Yine aynı ayete göre, saldırısından vazgeçen ve tevbe edenlere karşı herhangi bir savaş durumu söz konusu olmamaktadır. Onlar özgür bırakılmaktadırlar.

Söz konusu ayetten hemen sonraki ayete baktığımızda ise Kuran'ın gerçek sevgi ve koruyuculuk ruhunu anlatan önemli bir açıklama ile karşılaşırız. İşte bu ayet, İslam karşıtlarının bu konuda Müslümanlara yönelik tüm iddialarını ortadan kaldıran bir ayettir. Ayet şöyledir:

Eğer müşriklerden biri, senden 'eman isterse', ona eman ver; öyle ki Allah'ın sözünü dinlemiş olsun, sonra onu 'güvenlik içinde olacağı yere ulaştır.' Bu, onların elbette bilmeyen bir topluluk olmaları nedeniyledir. (Tevbe Suresi, 6)

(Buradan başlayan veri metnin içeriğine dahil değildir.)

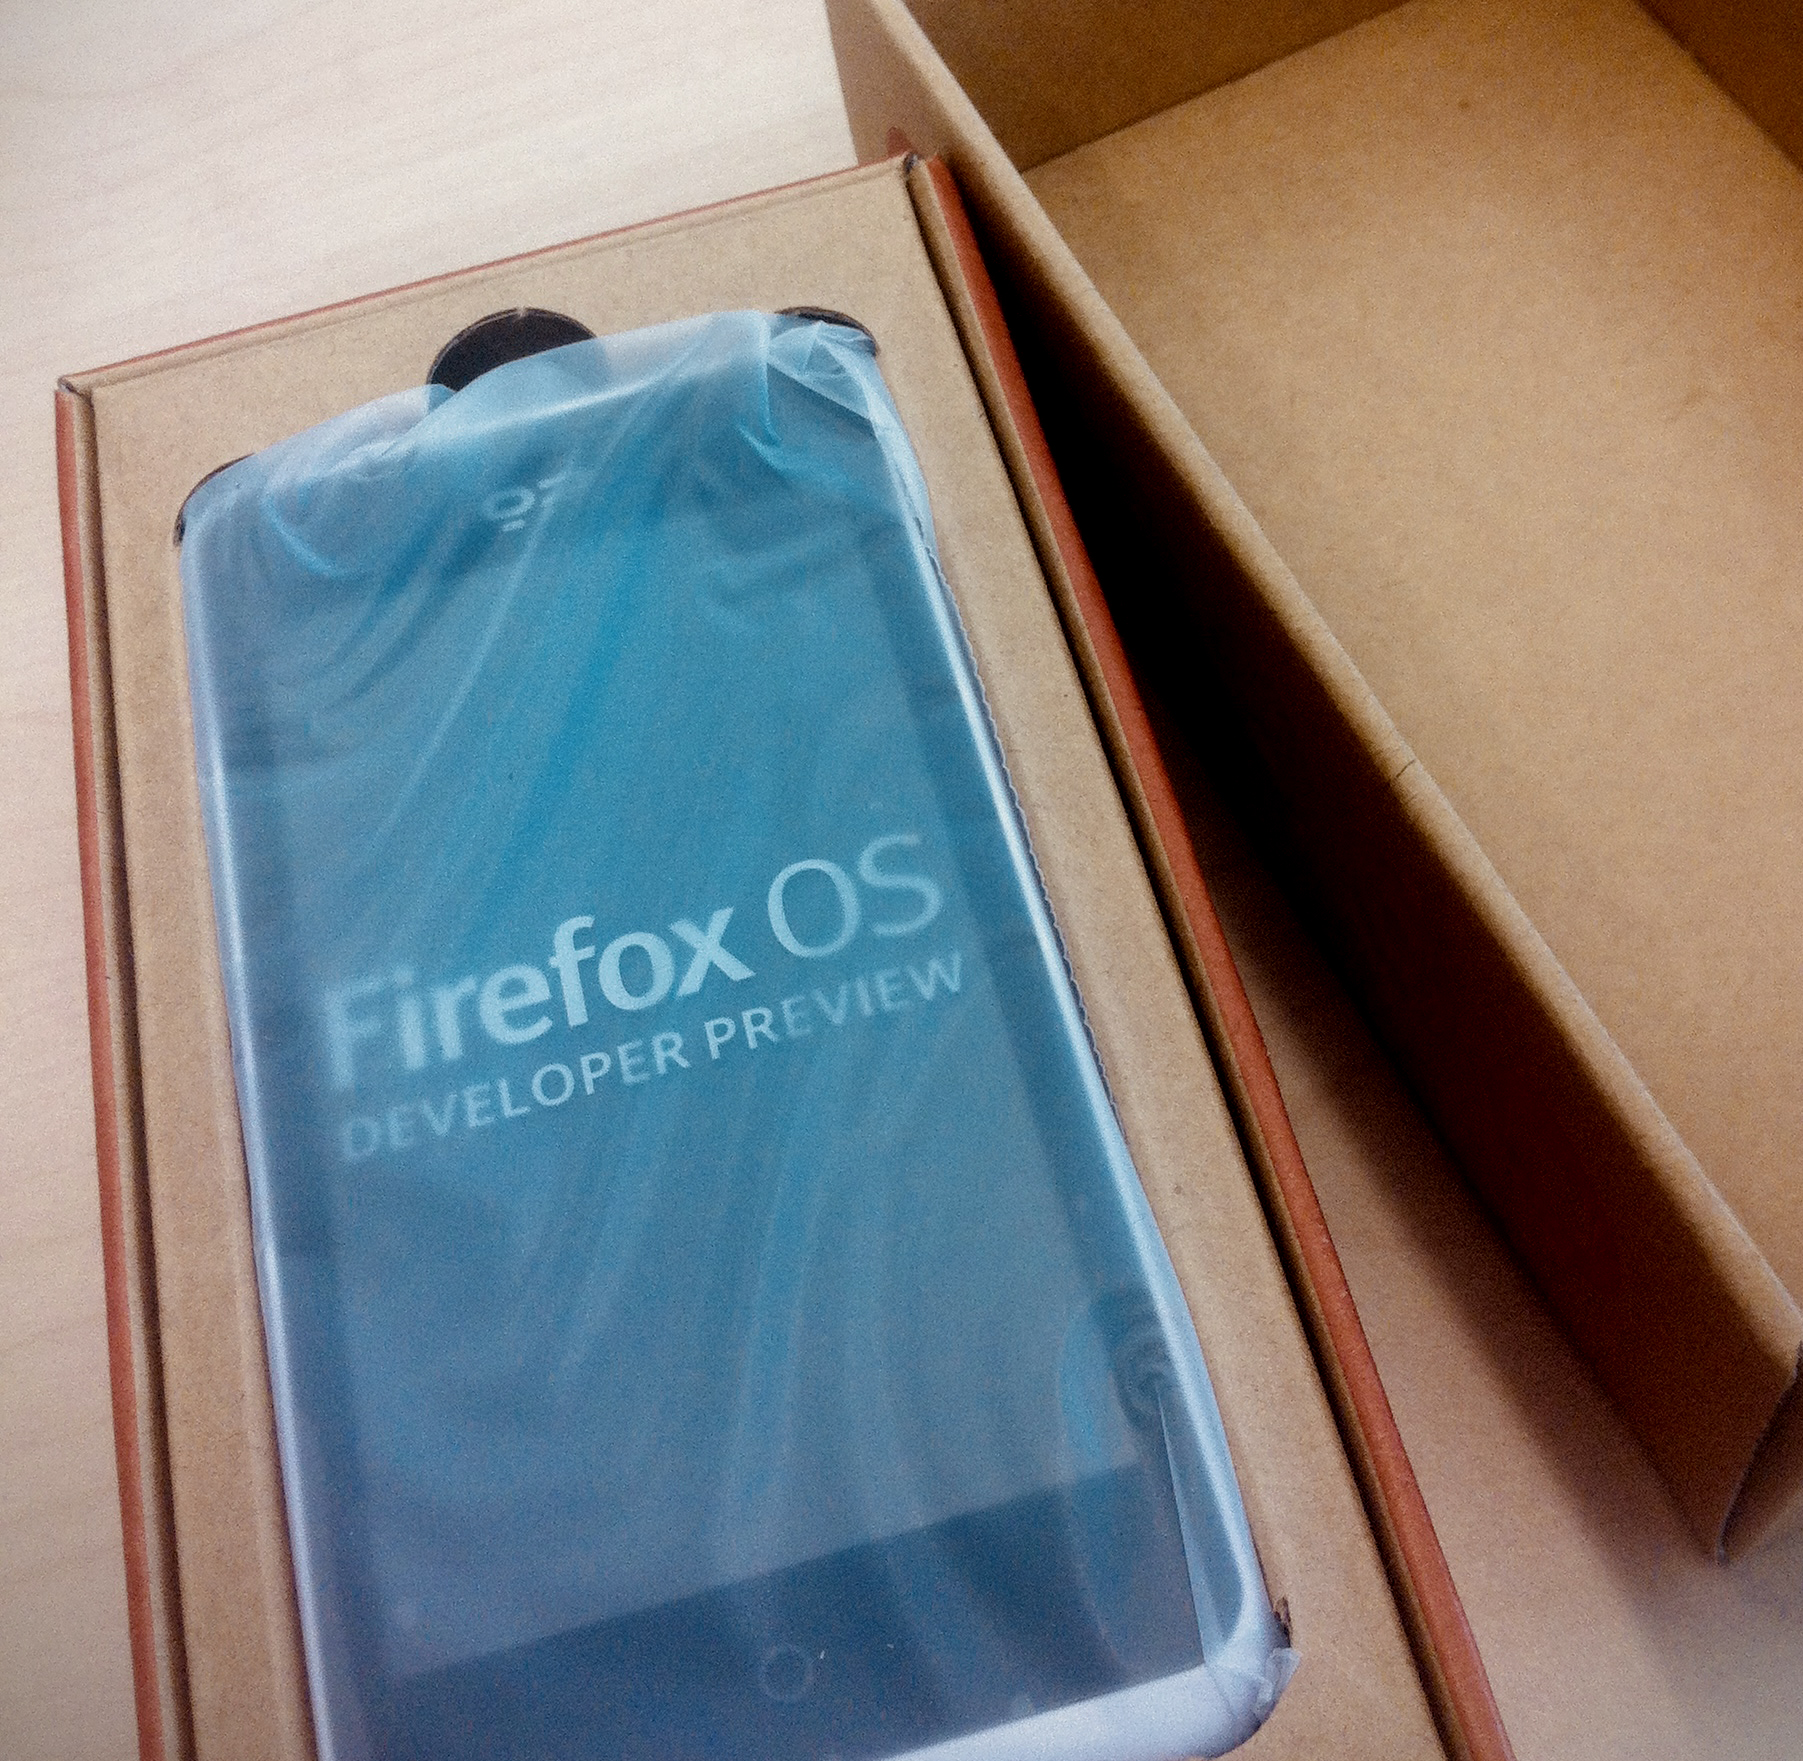 FirefoxOS_box
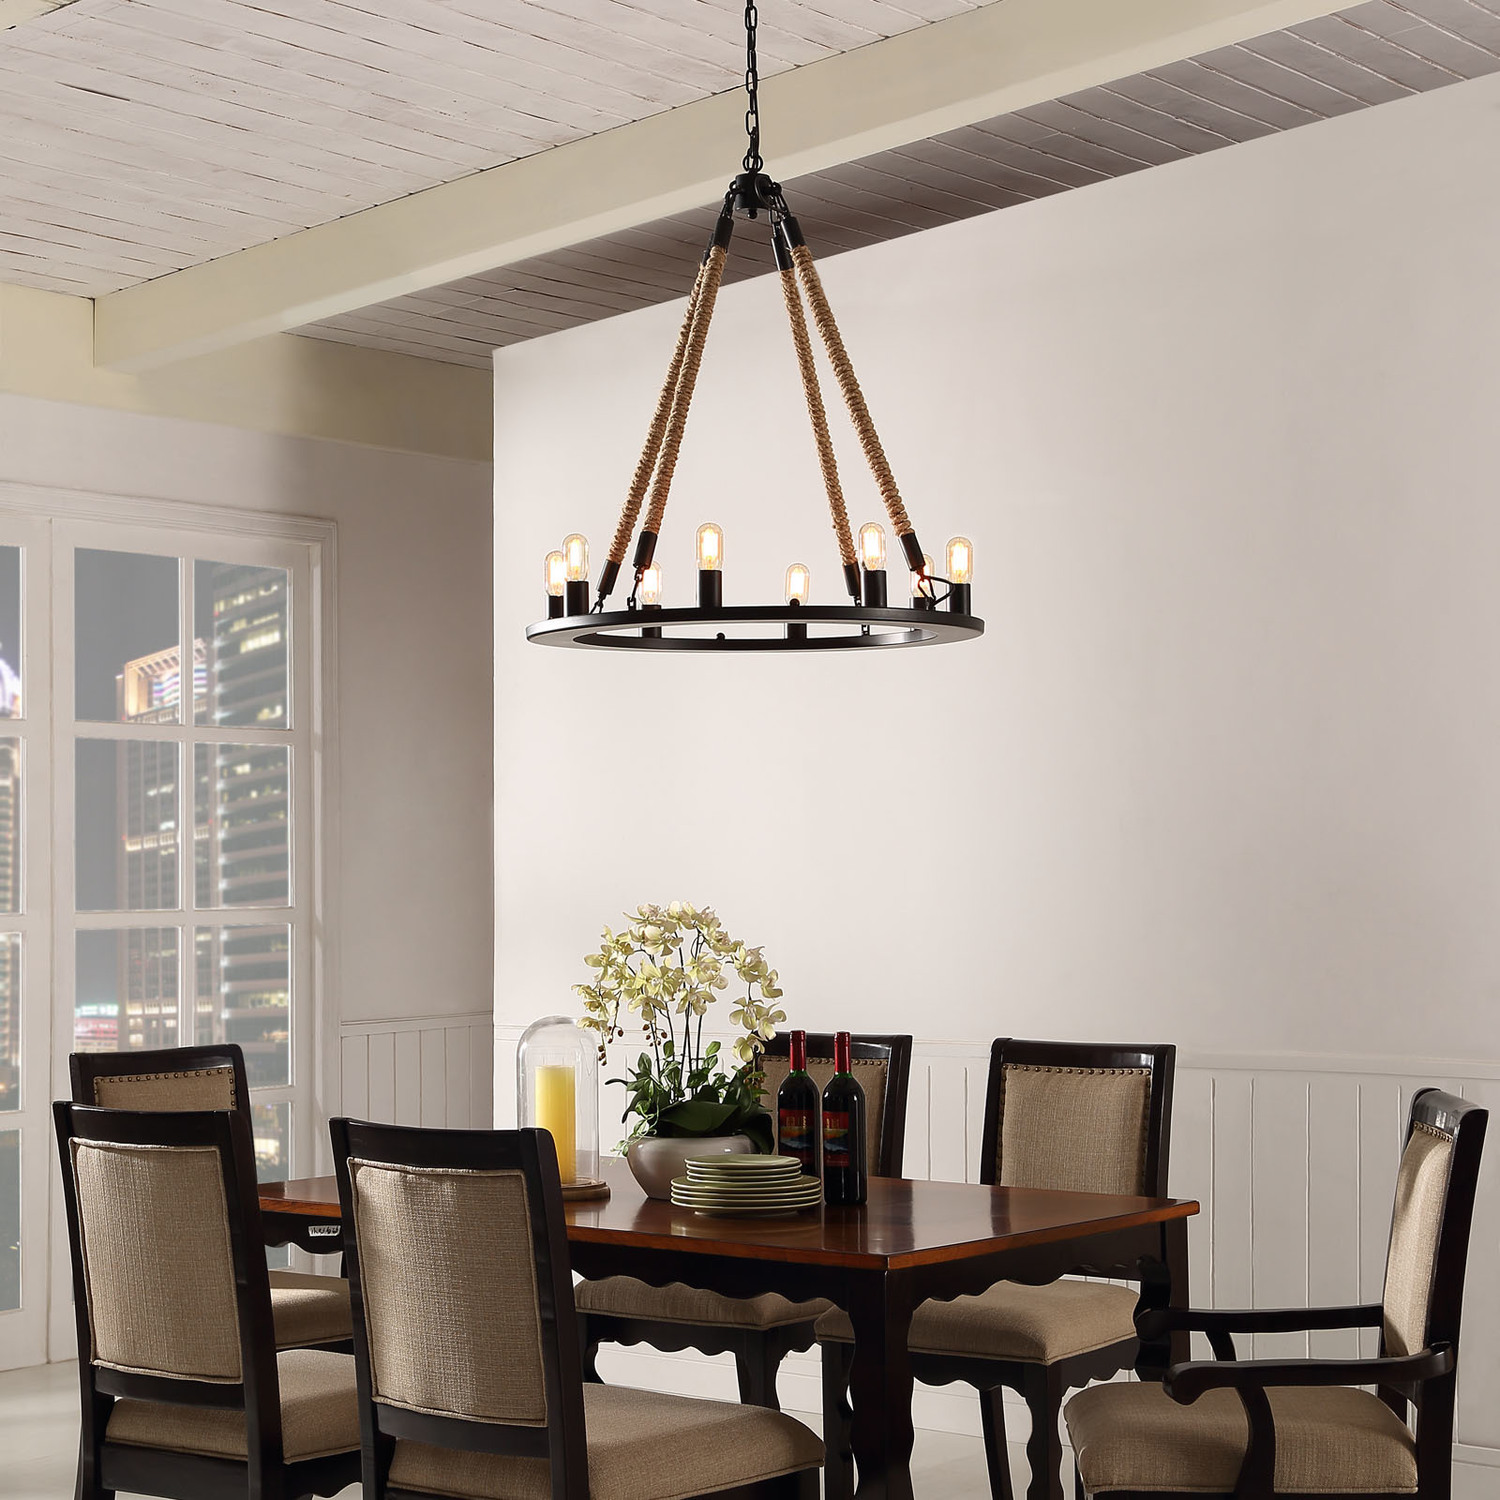 Modway Furniture Ceiling Lamps Chandelier Black

Bu ayet ile Müslümanlara, kendilerine sığınmış olan ve kendilerinden yardım isteyen bir müşrike “kendi canlarını tehlikeye atarak” yardım etmeleri öğütlenmektedir. Öyle ki ayete göre söz konusu Müslüman, müşrikleri koruyabilmek için KENDİSİNİ SİPER ETMEKTEDİR. Bir başka deyişle bir Müslüman, Allah'ı inkar eden bir kişinin canını koruyabilmek için kendi canını riske atarak, onu güvenlik içinde olacağı yere ulaştırmakla yükümlüdür.

Bu, Kuran'ın hükmüdür. Kuran'ın hükmüne göre bir insan Allah'a inanmıyor diye “öldürülmemekte”, tam tersine Müslümanların canı pahasına korunmaktadır. Dolayısıyla savaş gerekçesi, karşı tarafın Allah'a inanıp inanmamasıyla veya başka dinden olup olmamasıyla ilgili değildir. Savaşın gerekçesi, karşı tarafın saldırı ve işkencede bulunması, cana kastetmesidir.

Ayetin işaret ettiği başka bir gerçek ise, saldırıda bulunmadıkları, azgınlık ve taşkınlık yapmadıkları sürece; din, dil, millet, inanç ayrımı yapılmaksızın tüm insanların Müslümanlar tarafından korumaya alınmaları gerektiğidir. Bir Müslüman, Müslümanı koruduğu gibi, Kitap Ehli'ni de, hatta ateisti, komünisti de korumakla yükümlüdür. Bu, Müslüman olmanın gereğidir. Bu, Kuran'daki Müslüman tarifidir. Bir insan “Müslümanım” diyorsa, koruyucu olmak zorundadır.